A closer look at clinical trials from people who are desperate to join them

How much of a medical gamble would you take to live a longer, healthier life? How far would you go to save your child’s life? A closer look at clinical trials from people who are desperate to join them

IN

April of 2019, Jennie and Gary Landsman walked into a federal building to meet with the entire review board of the FDA — all 26 members. “I felt like a warrior walking into that room with my family and our small group of lawyers and scientists,” Jennie remembers. “I was literally fighting for my children’s lives.”

For three years, Jennie and Gary had been battling the FDA, trying to get them to approve an experimental treatment to save their sons, Benny and Josh, who have an extremely rare degenerative disease called Canavan that affects white matter in the brain. People diagnosed with Canavan disease suffer from diminishing motor and cognitive skills and have a life expectancy of ten years.

“Back in 2016, when we first submitted our application to the FDA for Compassionate Use, we thought we’d get a quick approval and begin treating Benny and Josh within six months,” Jennie shares. “Instead, thirty days after we submitted our application, we found out that the FDA was putting a stop on all gene therapy trials unless they were highly regulated. There had been contamination issues in another trial and the FDA wanted to investigate why and how this had happened. In the meantime, they put any other trial on hold unless it was highly regulated.”

The FDA was adamant: If the Landsmans wanted to treat their sons, they needed to run a full-blown pharmaceutical trial.

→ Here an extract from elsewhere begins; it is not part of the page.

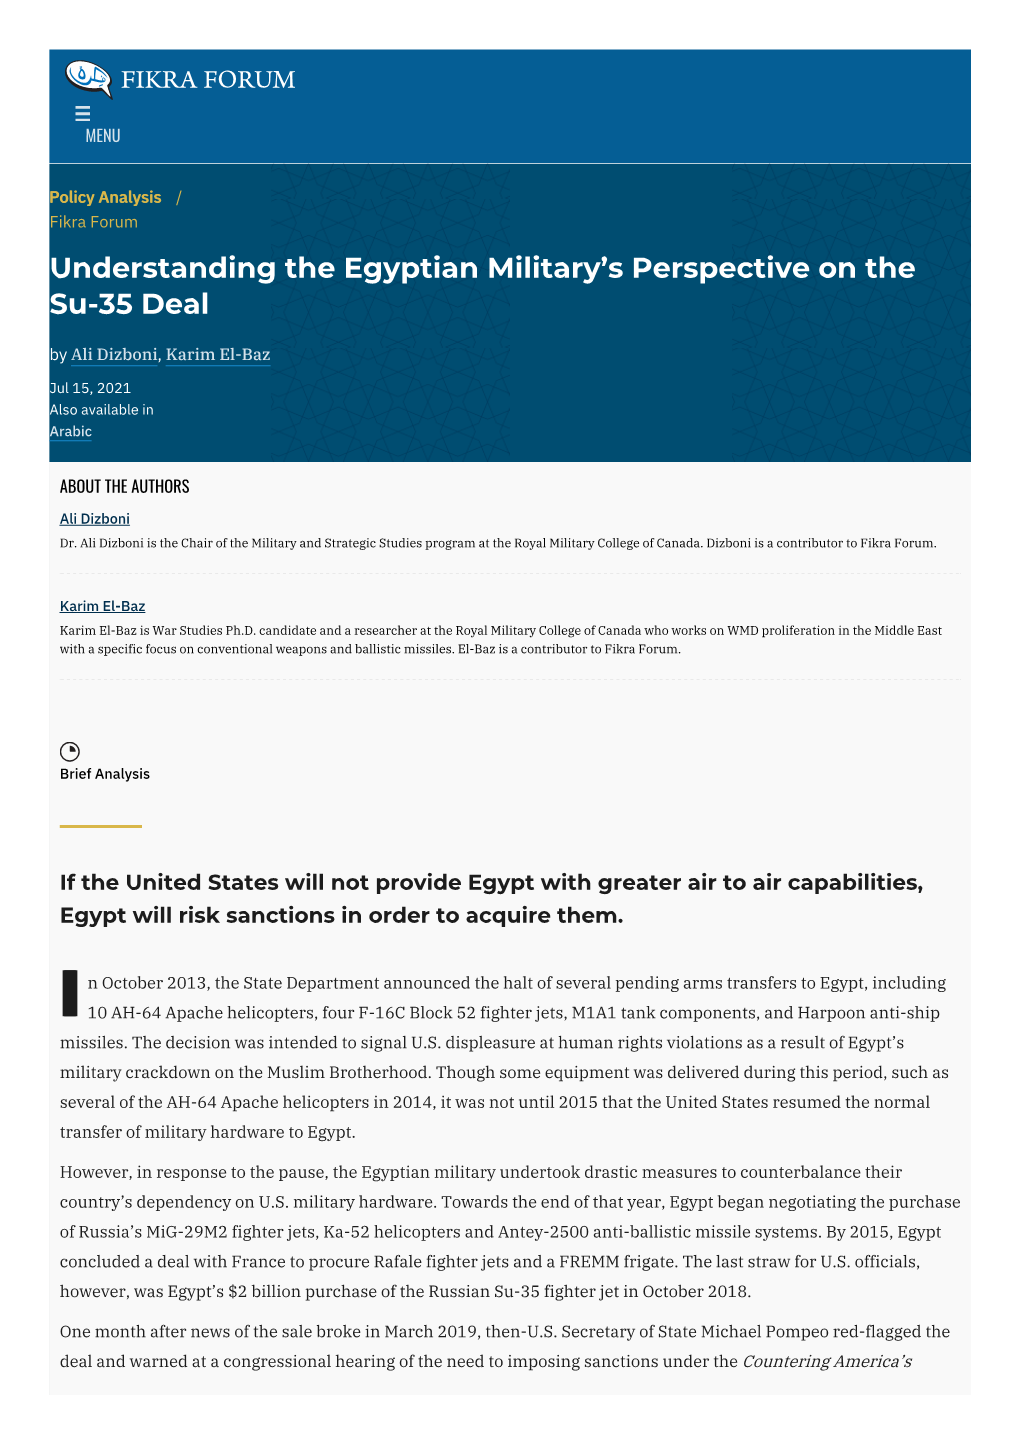 Understanding the Egyptian Military's

Undeterred, Gary and Jenny got to work, even quitting their jobs so they could focus exclusively on the task. “There were many sleepless nights when we were working twenty-four seven to make this happen,” Jennie relates. “We did an immense amount of fundraising, working with the media, reaching out to large companies to get them to do matching campaigns. My father asked every senator and councilman to write letters to the FDA. We hired a lawyer who works on clinical trials to help us with the process, we had a team of scientists, and we had the entire Jewish community on our side.

“The process,” says Jennie, “was like climbing Mount Everest without any equipment. Every time we submitted our application, they would want something more. When we finished the treatment on mice, for example, they said, ‘Now we want it on more mice.’ Once we had done that, they said, ‘Now we want it on large animals.’ When we completed that, they said, ‘Now we want a primate study.’ By the way, a primate study means breeding a monkey in utero to have Canavan disease, waiting for that monkey to grow, and then treating that monkey’s Canavan and showing the results. It was a ton of time wasted, and time was not on our side. Not to mention it was tons of money. A process we thought would take six months and one million dollars ended up taking four years and six million dollars.”

With Canavan, every second counts. Every single day there’s more brain damage. The Landsmans were racing against the clock. By the time the bureaucratic tape cleared, would their children even be healthy enough to receive the treatment?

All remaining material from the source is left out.